— Provided data —
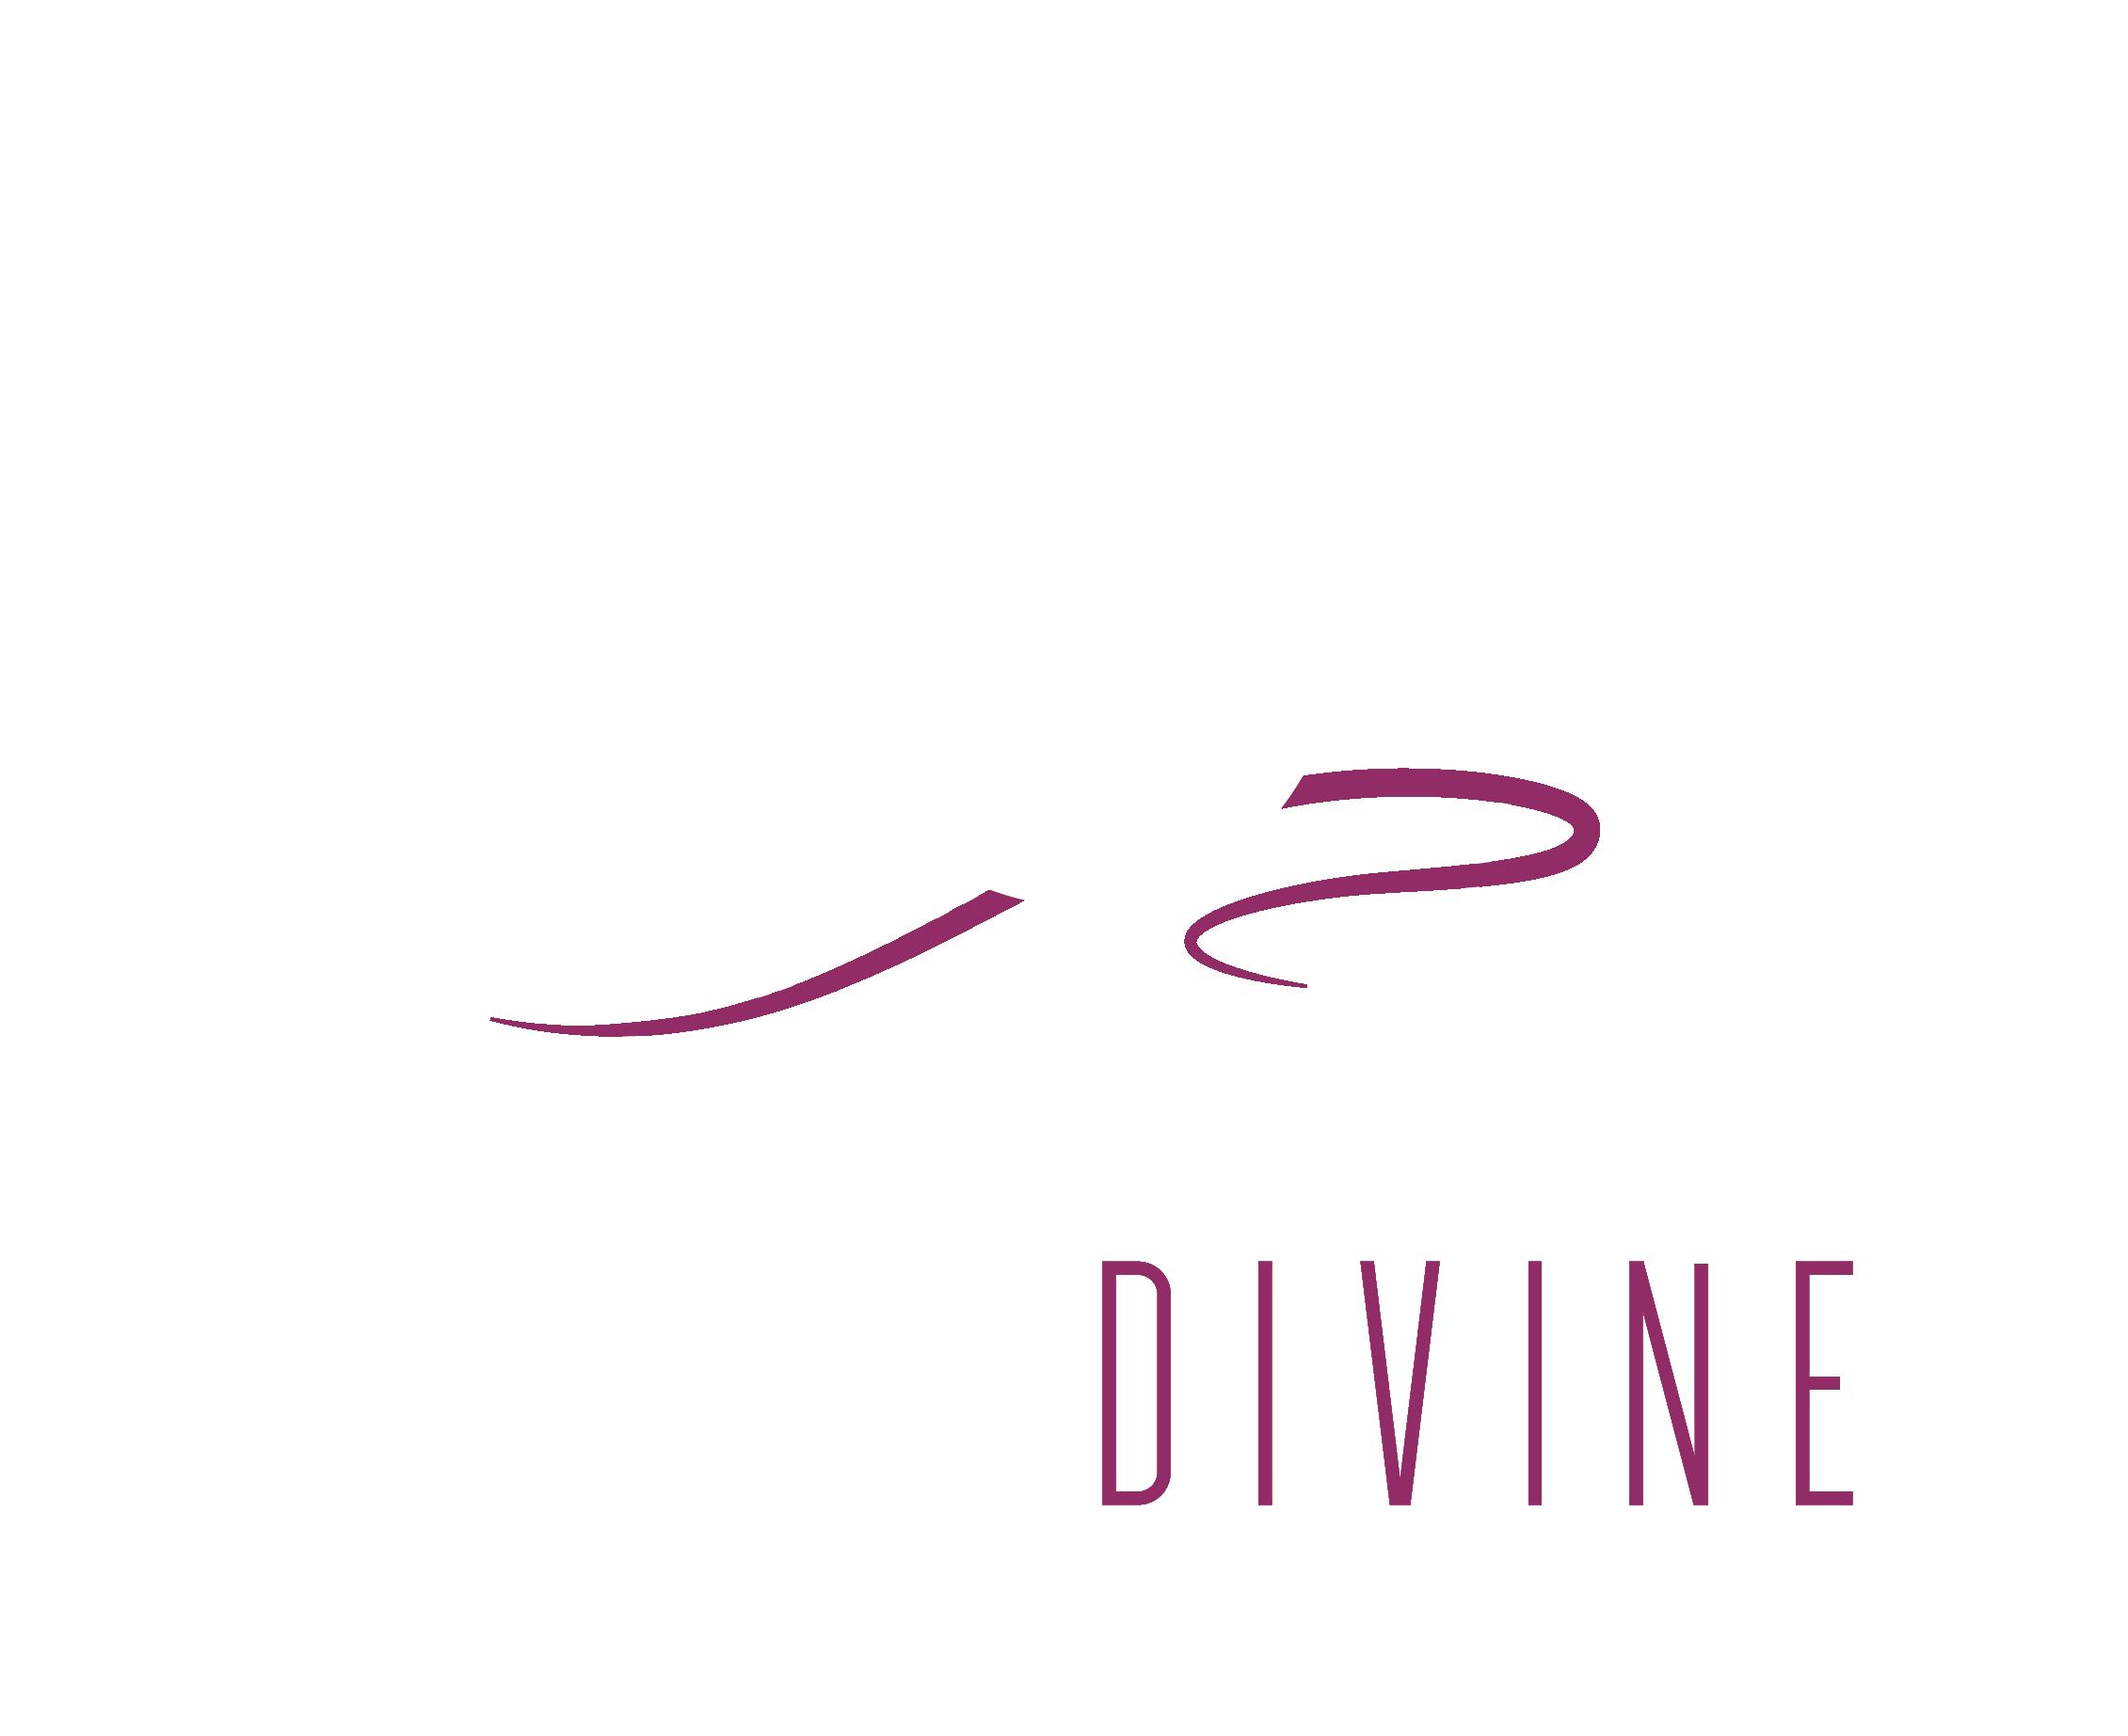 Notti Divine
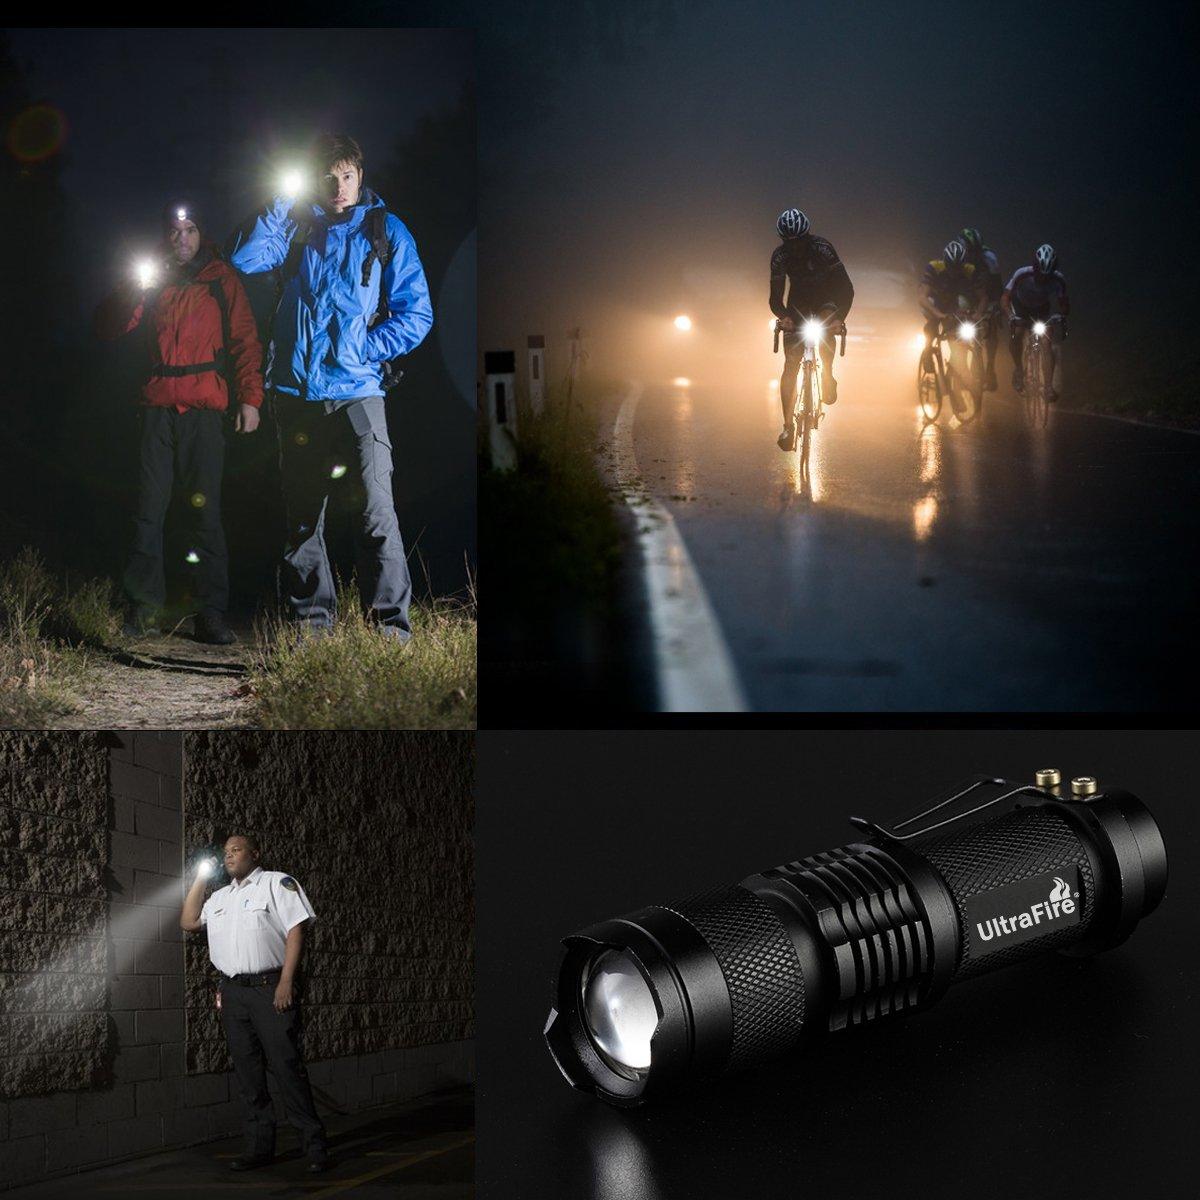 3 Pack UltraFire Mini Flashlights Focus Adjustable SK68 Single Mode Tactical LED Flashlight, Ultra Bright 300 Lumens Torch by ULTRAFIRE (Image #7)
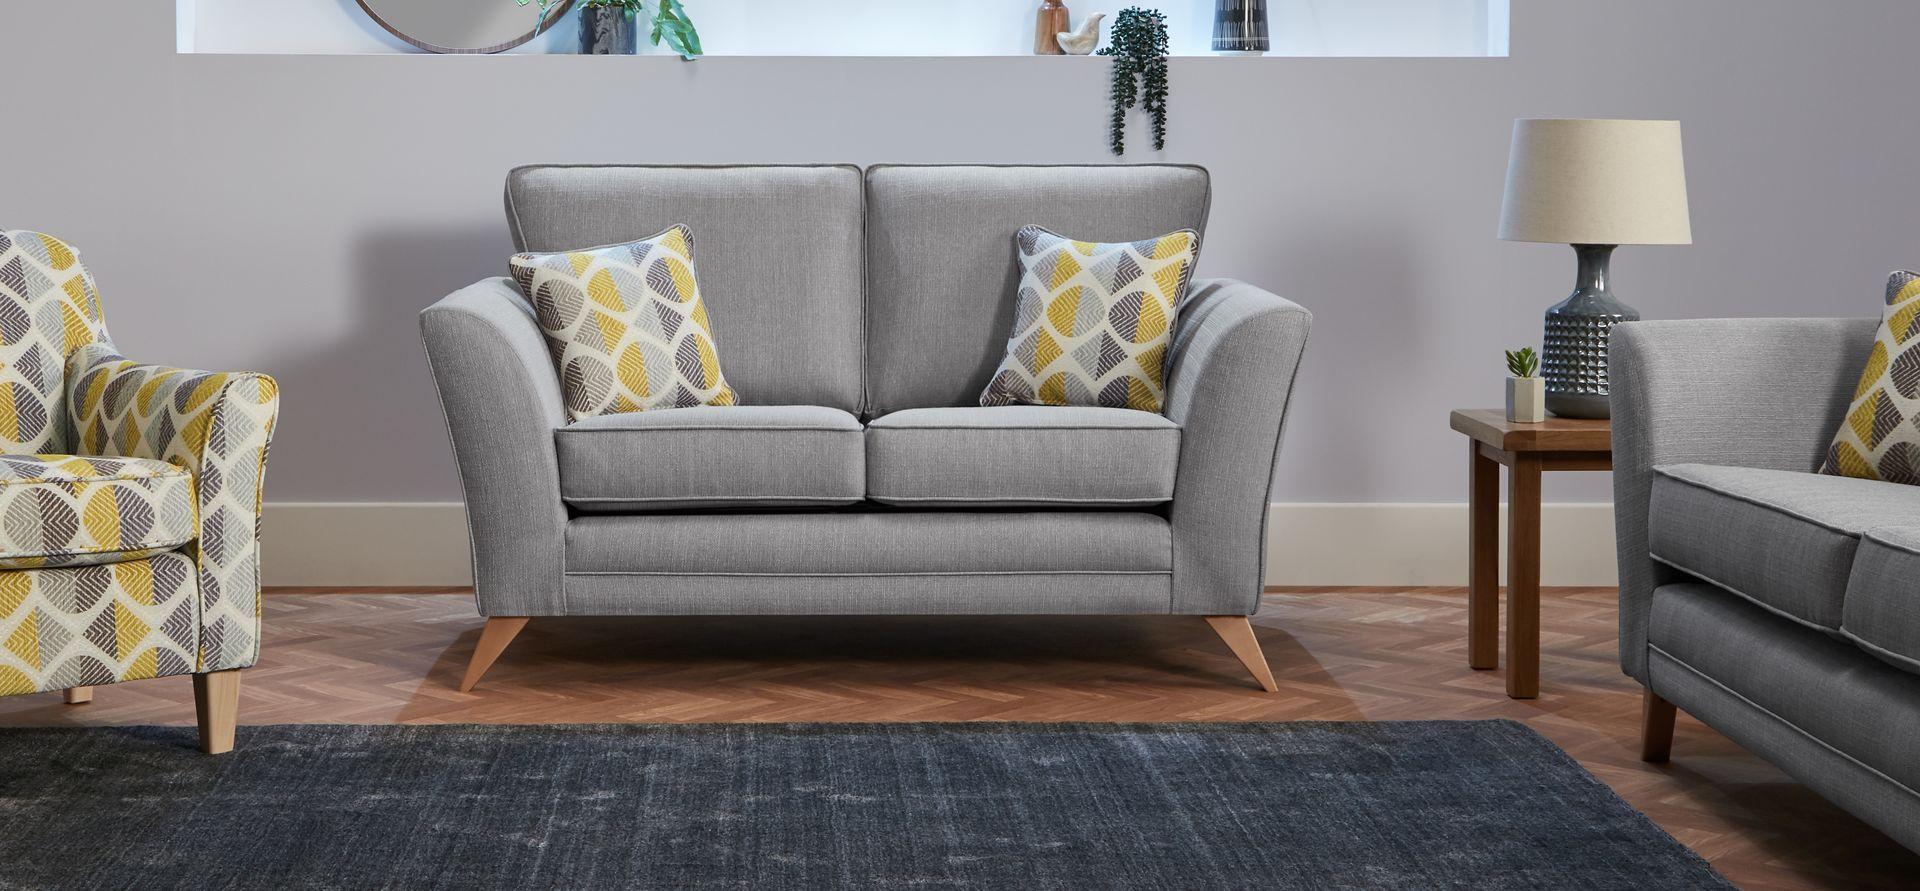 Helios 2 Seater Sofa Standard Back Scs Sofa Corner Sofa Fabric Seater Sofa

— Aim of the task —
Find the line that contains "3 Pack UltraFire". Copy it and every line after it through the end of the listing exactly, but not the pictures.

— Task solution —
 3 Pack UltraFire Mini Flashlights Focus Adjustable SK68 Single Mode Tactical LED Flashlight, Ultra Bright 300 Lumens Torch by ULTRAFIRE (Image #7)
 Helios 2 Seater Sofa Standard Back Scs Sofa Corner Sofa Fabric Seater Sofa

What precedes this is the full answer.